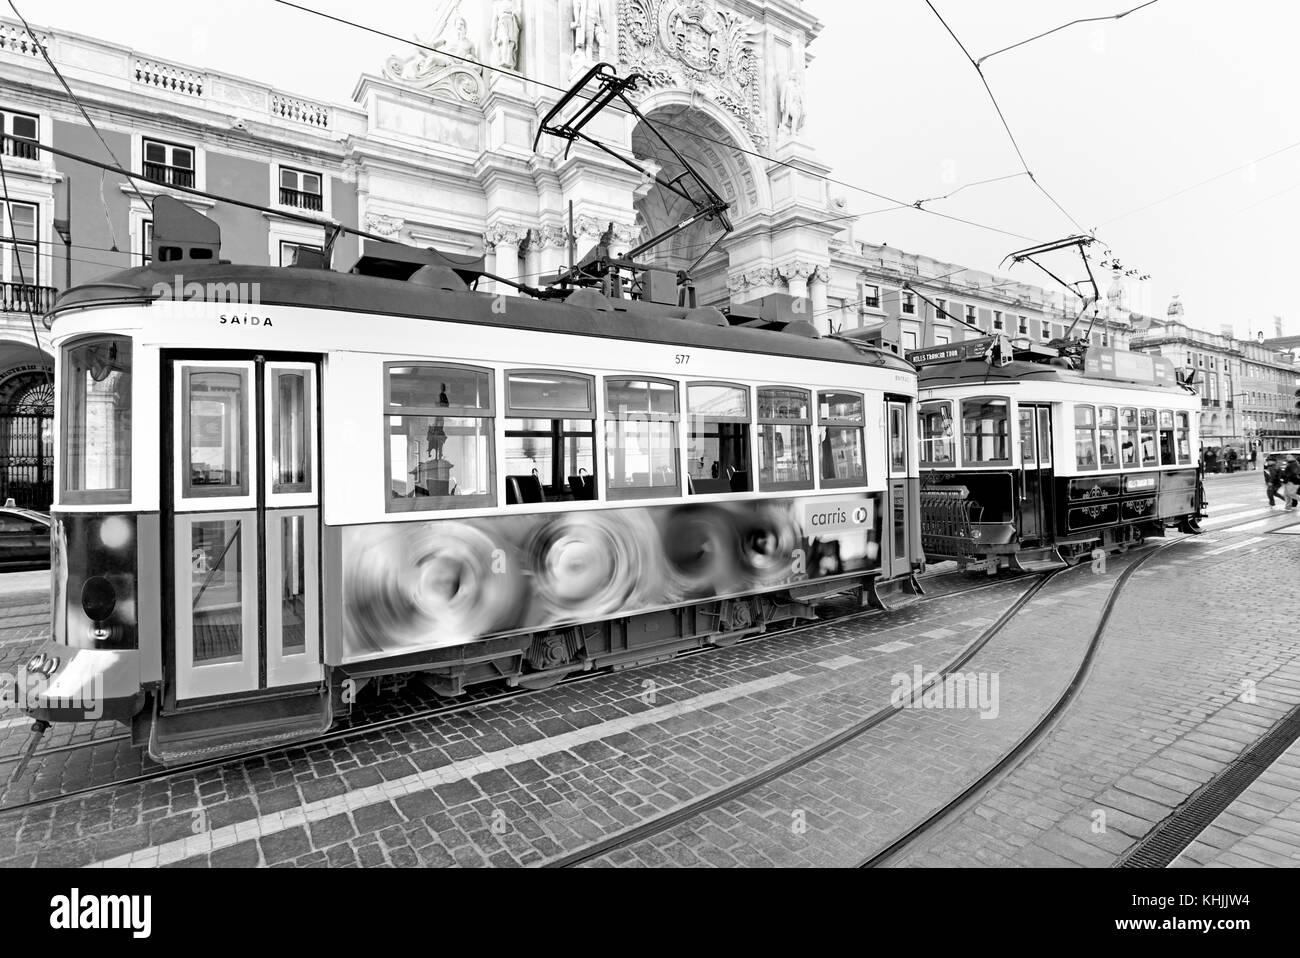 Nostalgische Straßenbahn Anhalten an triumph Arch, Lissabon Stockbild
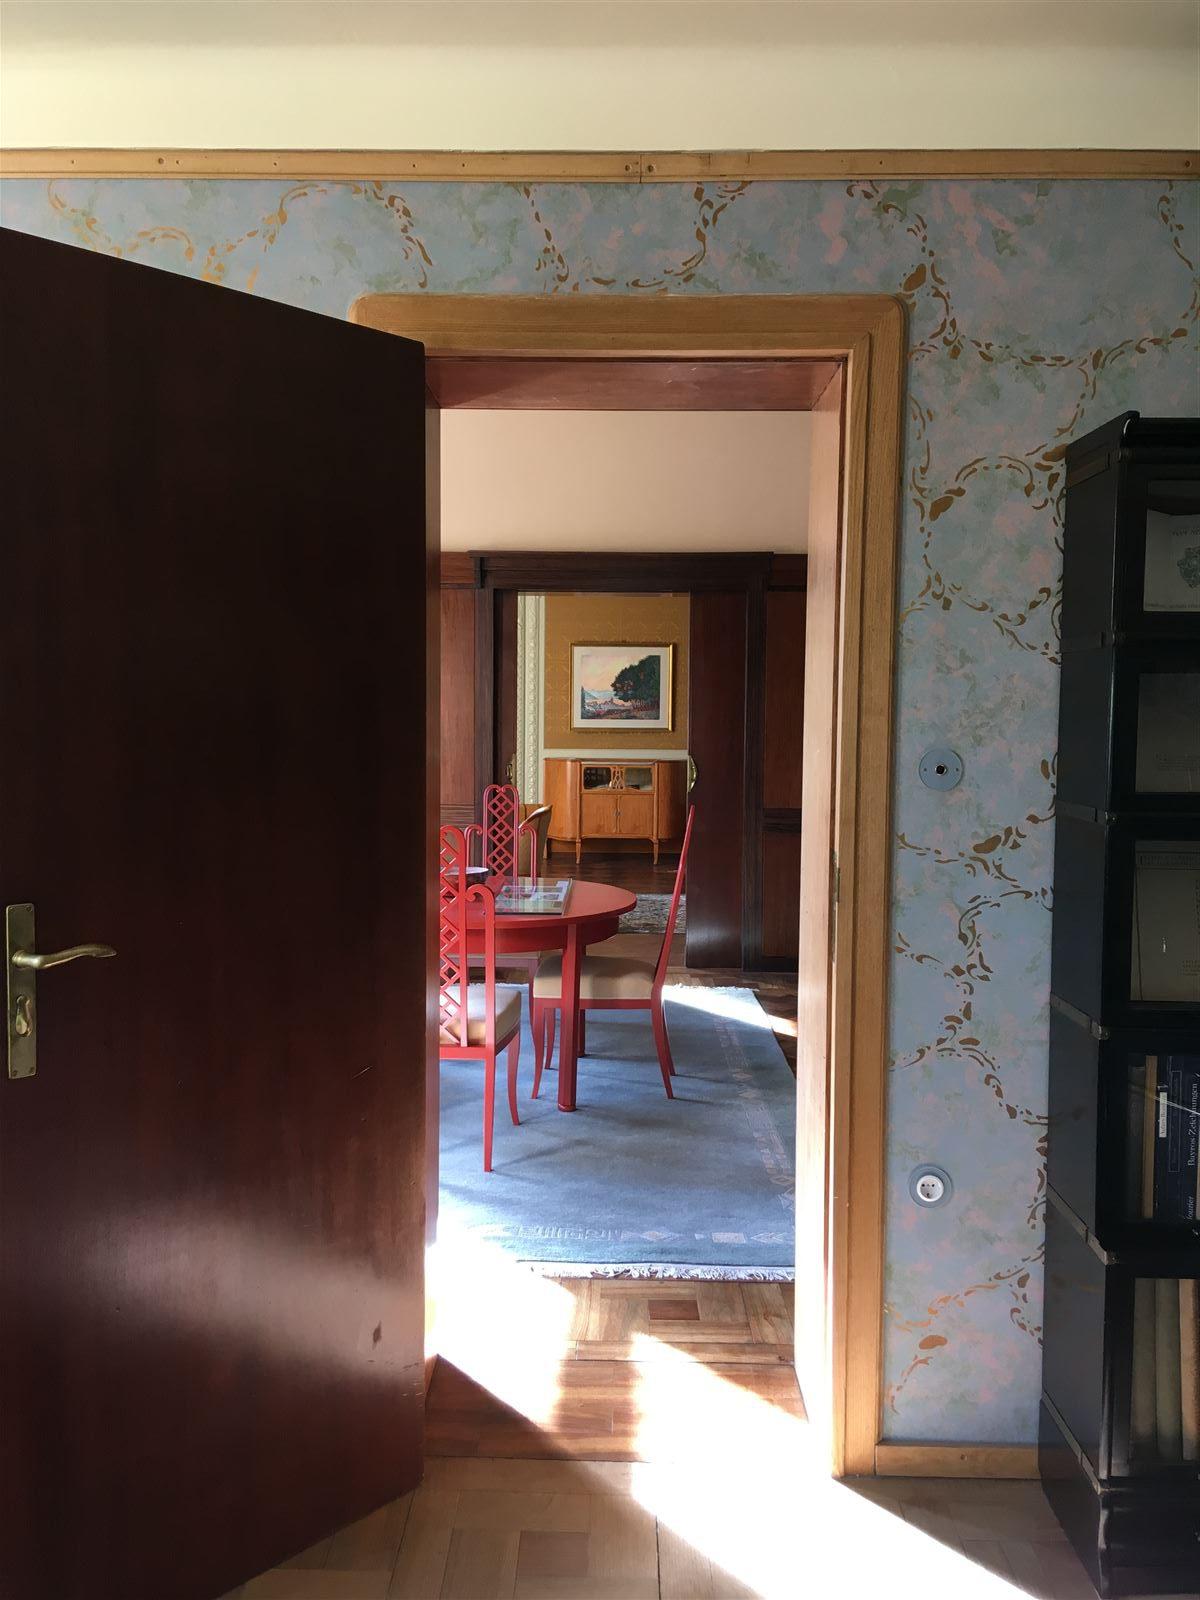 Ausflug - Gera - Haus Schulenburg
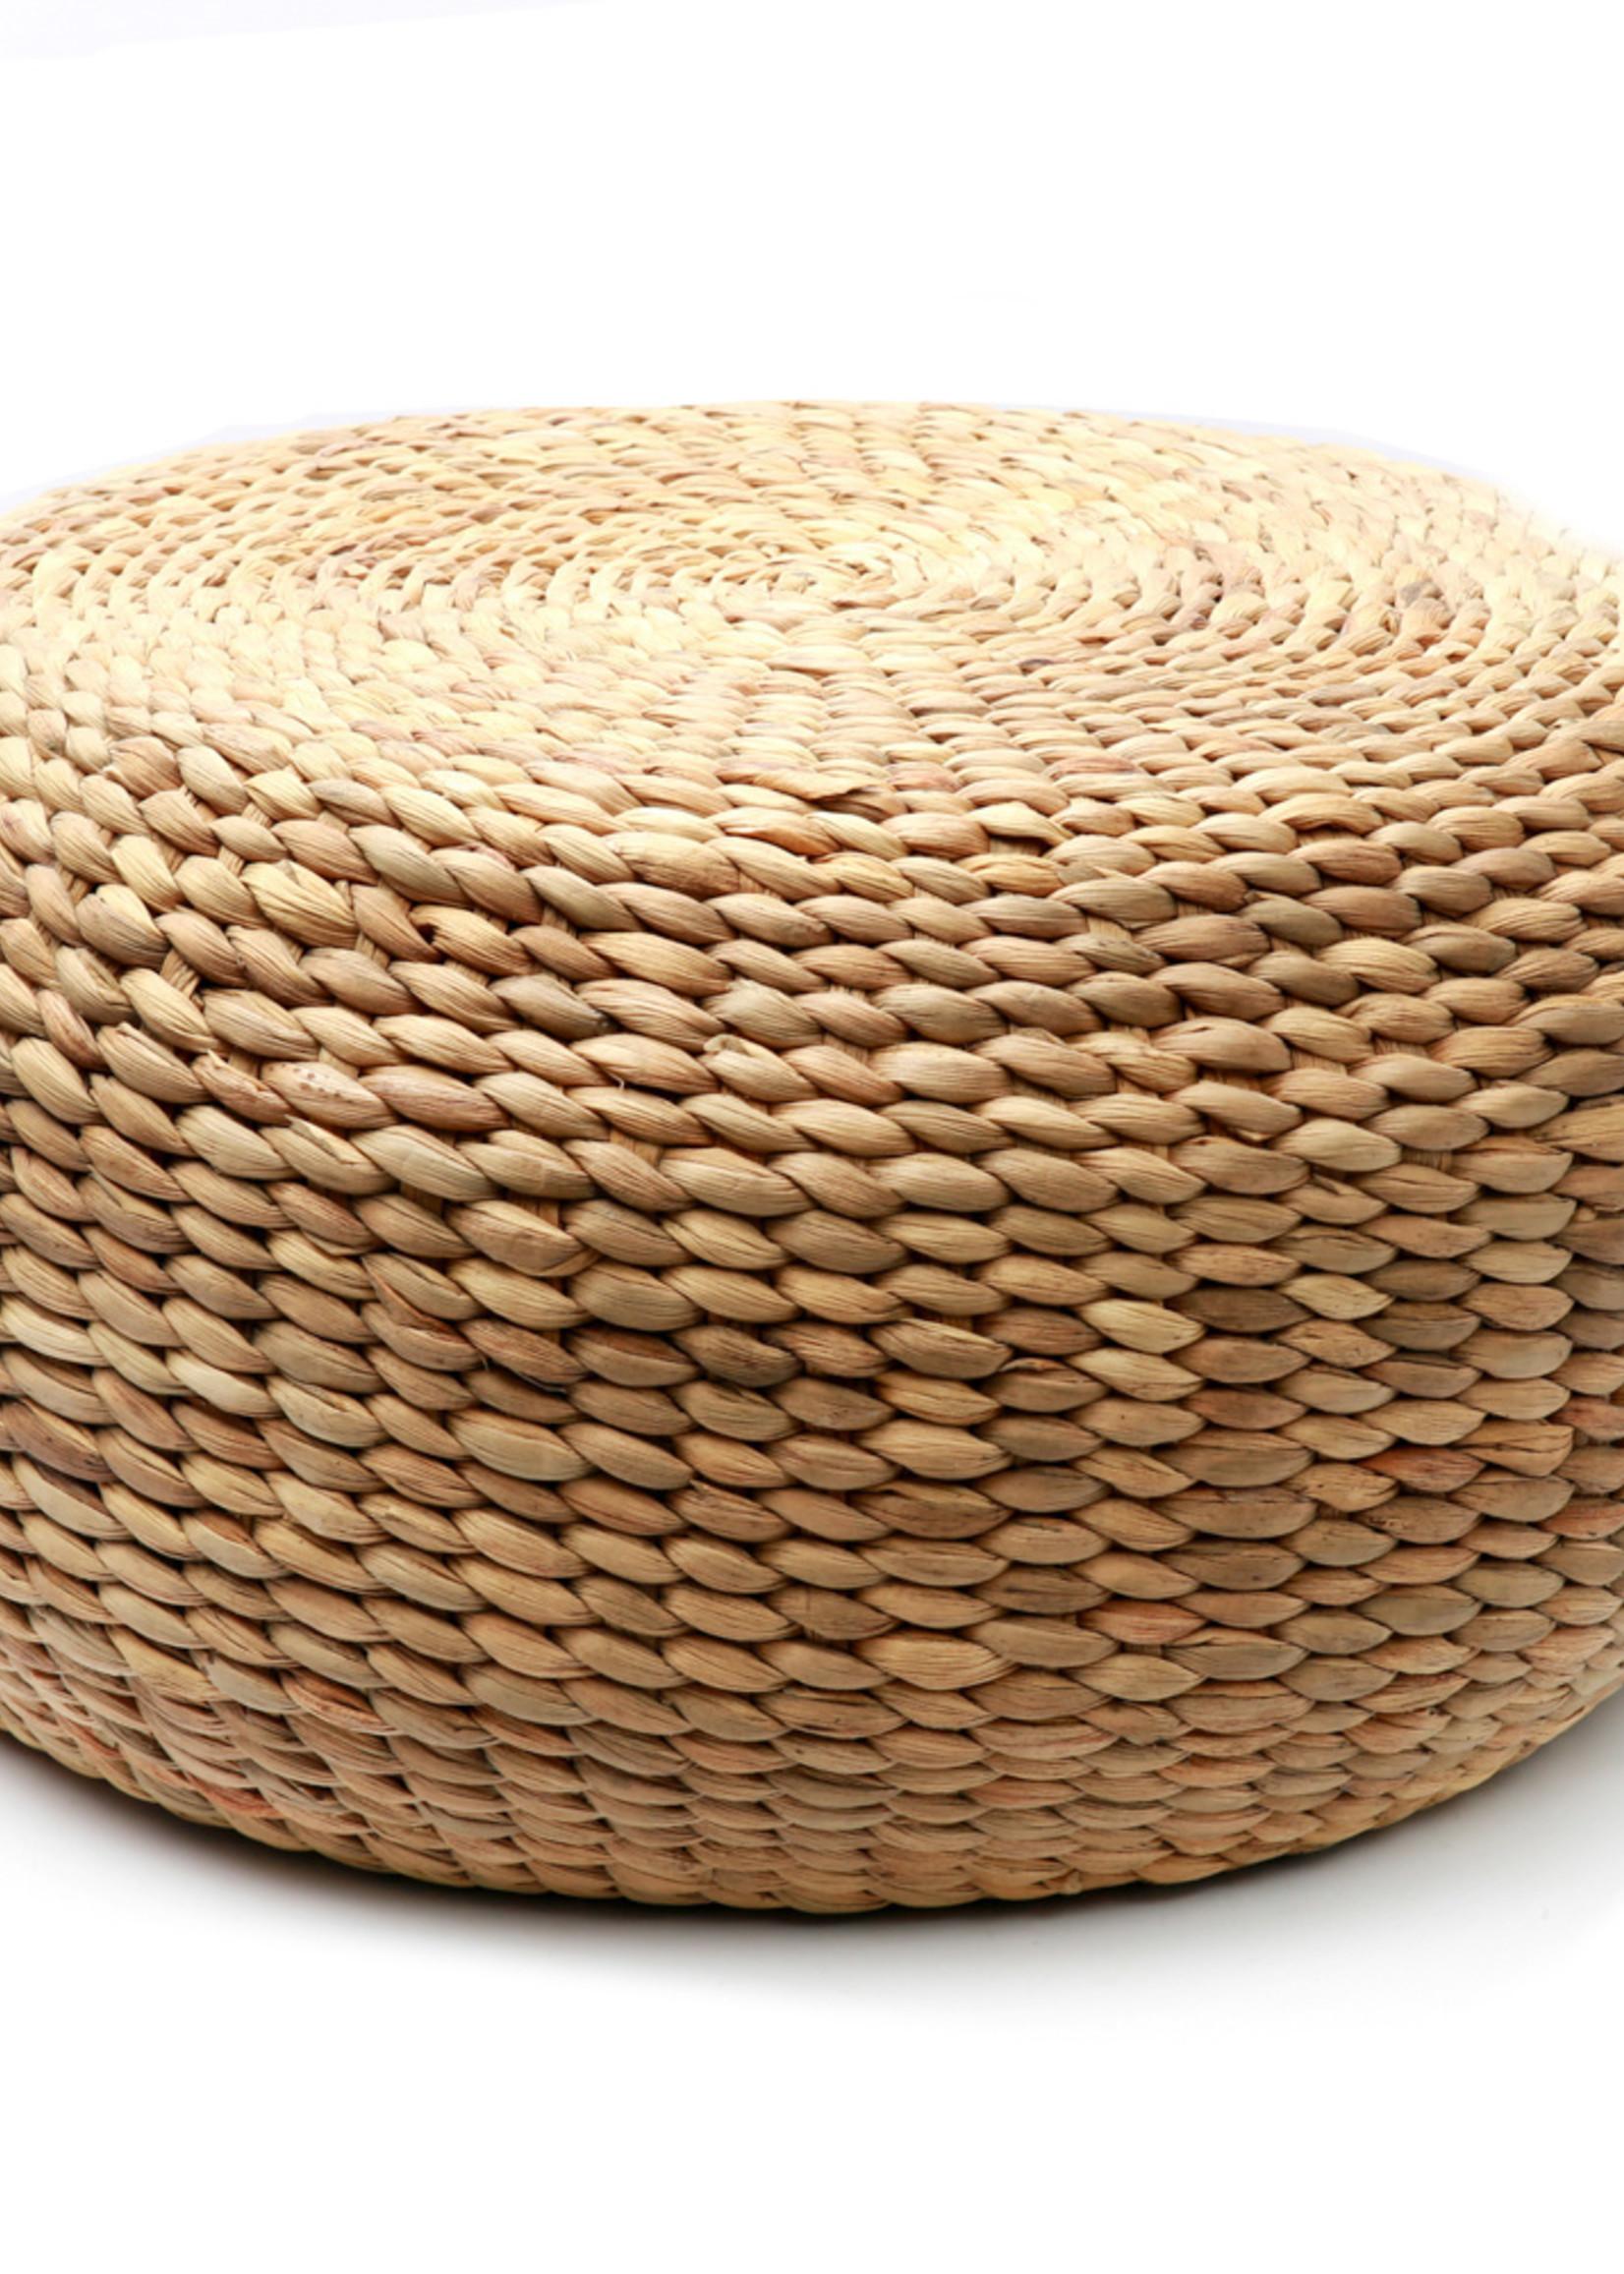 The Hyacinth Pouffe - Round - 80

### [BRIEF]
Aside from the pictures, repeat the listing exactly.

### [ANSWER SECTION]
 Nostalgische Straßenbahn Anhalten an triumph Arch, Lissabon Stockbild
 Ausflug - Gera - Haus Schulenburg
 The Hyacinth Pouffe - Round - 80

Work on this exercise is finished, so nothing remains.